In this paper, we benchmark the stability of decoherence properties of superconducting qubits: T1, \(T_2^ \ast\) (free-induction decay), Tϕ (pure dephasing), and f01 (qubit frequency). This study is distinct from numerous studies that report on singular measurements of qubit lifetimes for different background conditions, such as temperature9 or magnetic flux.10,11 Some studies11,12,13,14,15,16,17 examine repeated measurements of qubit lifetimes under static conditions. However, when discussing these examples, it is important to quantify both the number of counts and the total duration of the measurement. Here, the number of counts relates to the statistical confidence, while the total duration relates to the timescale of fluctuations to which the study is sensitive. Therefore, to confidently report on fluctuations relevant to the calibration period of a quantum processor (for example a few times a day for the IBM Q Experience18), we only discuss reports featuring both a large number of counts (N > 1000) and a total duration exceeding 5 h.

The first study to satisfy these requirements for relaxation measurements was that of Müller et al.,14 which revealed that unstable near-resonant two-level-systems (TLS) can induce fluctuations in qubit T1. They proposed a model in which the TLS produces a strongly peaked Lorentzian noise profile at the TLS frequency (which is near the qubit frequency). Under the separate model of interacting TLS,19,20 the frequency of this near-resonant TLS varies in time. Consequently, the qubit probes the different parts of the TLS-based Lorentzian noise profile, leading to variations in the qubit’s T1. Although the mechanism was clearly demonstrated, this work14 was unable to determine properties of the TLS such as switching rates or dwell times of specific TLS frequency positions. Follow-up work by Klimov et al.17 used a tuneable qubit to map the trajectories of individual TLS. These findings17 supported the interacting-TLS model and Müller’s findings, and were able to clearly determine TLS switching rates, as well as reveal additional diffusive motion of the TLS.
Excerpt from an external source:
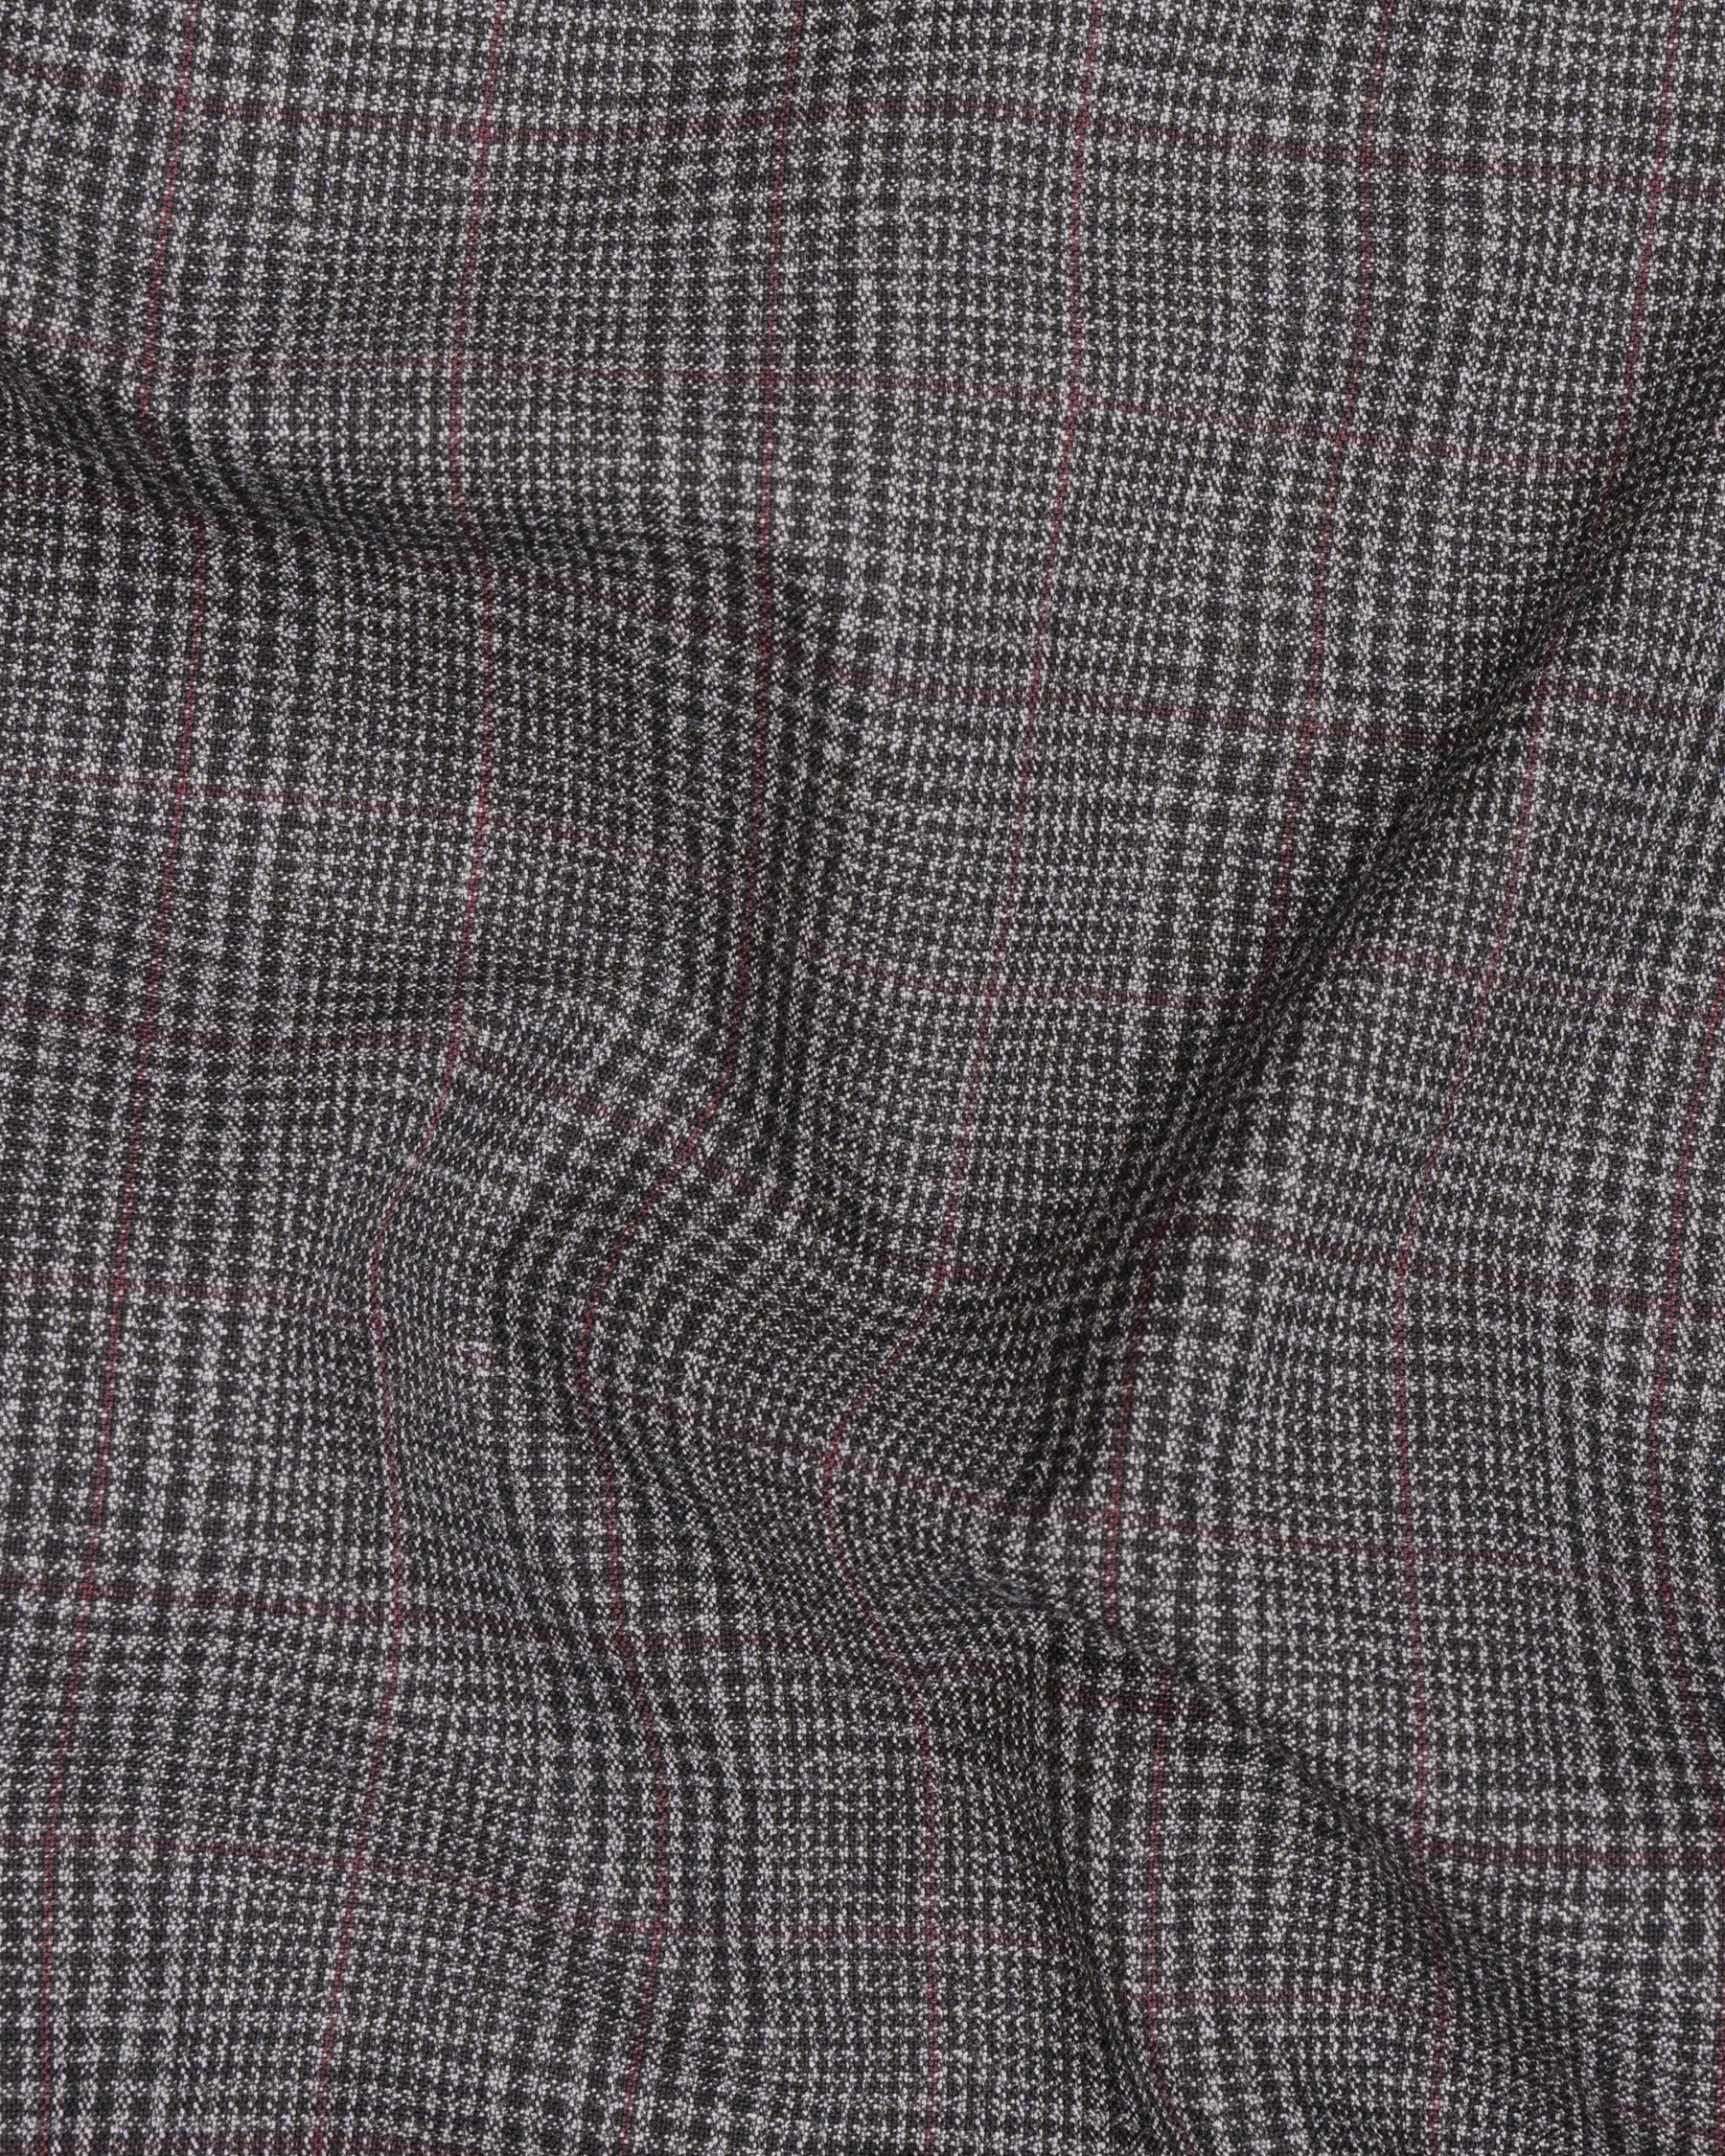 Scorpion Grey Subtle Plaid Wool Rich Waistcoat V1365-36, V1365-38, V1365-40, V1365-42, V1365-44, V1365-46, V1365-48, V1365-50, V1365-52, V1365-54, V1365-56, V1365-58, V1365-60

We demonstrate that sufficient statistical analysis can reveal the TLS-based Lorentzian noise spectrum and allow for extraction of switching rates. Importantly, this method does not require a tuneable qubit or advanced reset protocols21 and is therefore general to any qubit or setup. Furthermore, the lack of tuning results in a more frequency-stable qubit and consequently less dephasing. This enables us to go beyond the studies of Müller et al. and Klimov et al. by studying the qubit’s frequency instabilities due to other noise sources, which reveals a 1/f frequency noise that is remarkably similar to interacting-TLS-induced 1/f capacitance noise found in superconducting resonators.20,22 This frequency instability produces a limit on pure dephasing which we observe through sequential inter-leaved measurements of qubit relaxation, dephasing, and frequency.


Our circuit is made of aluminium on silicon and consists of a single-junction Xmon-type transmon qubit23 capacitively coupled to a microwave readout resonator (see the Methods section IV A for more details). The shunt capacitor and the absence of magnetic-flux tunability (absence of a SQUID) effectively decouple the qubit frequency from electrical charge and magnetic flux, reducing the sensitivity to these typical 1/f noise sources.24,25 Although these qubits lack frequency tunability, they remain suitable for multi-qubit architectures using all-microwave-based two-qubit-gates.26,27,28,29 The circuit is intentionally kept simple so that the decoherence is dominated by intrinsic mechanisms and not external ones in the experimental setup. Therefore, there are no individual qubit drive lines, nor any qubit-to-qubit couplings. In addition, both the spectral linewidth of the resonator and the resonator-qubit coupling are kept small, such that photon emission into the resonator (Purcell effect) and dephasing induced by residual thermal population of the resonator are minimised.30 A detailed experimental setup together with all device parameters are found in the Methods and Table 1.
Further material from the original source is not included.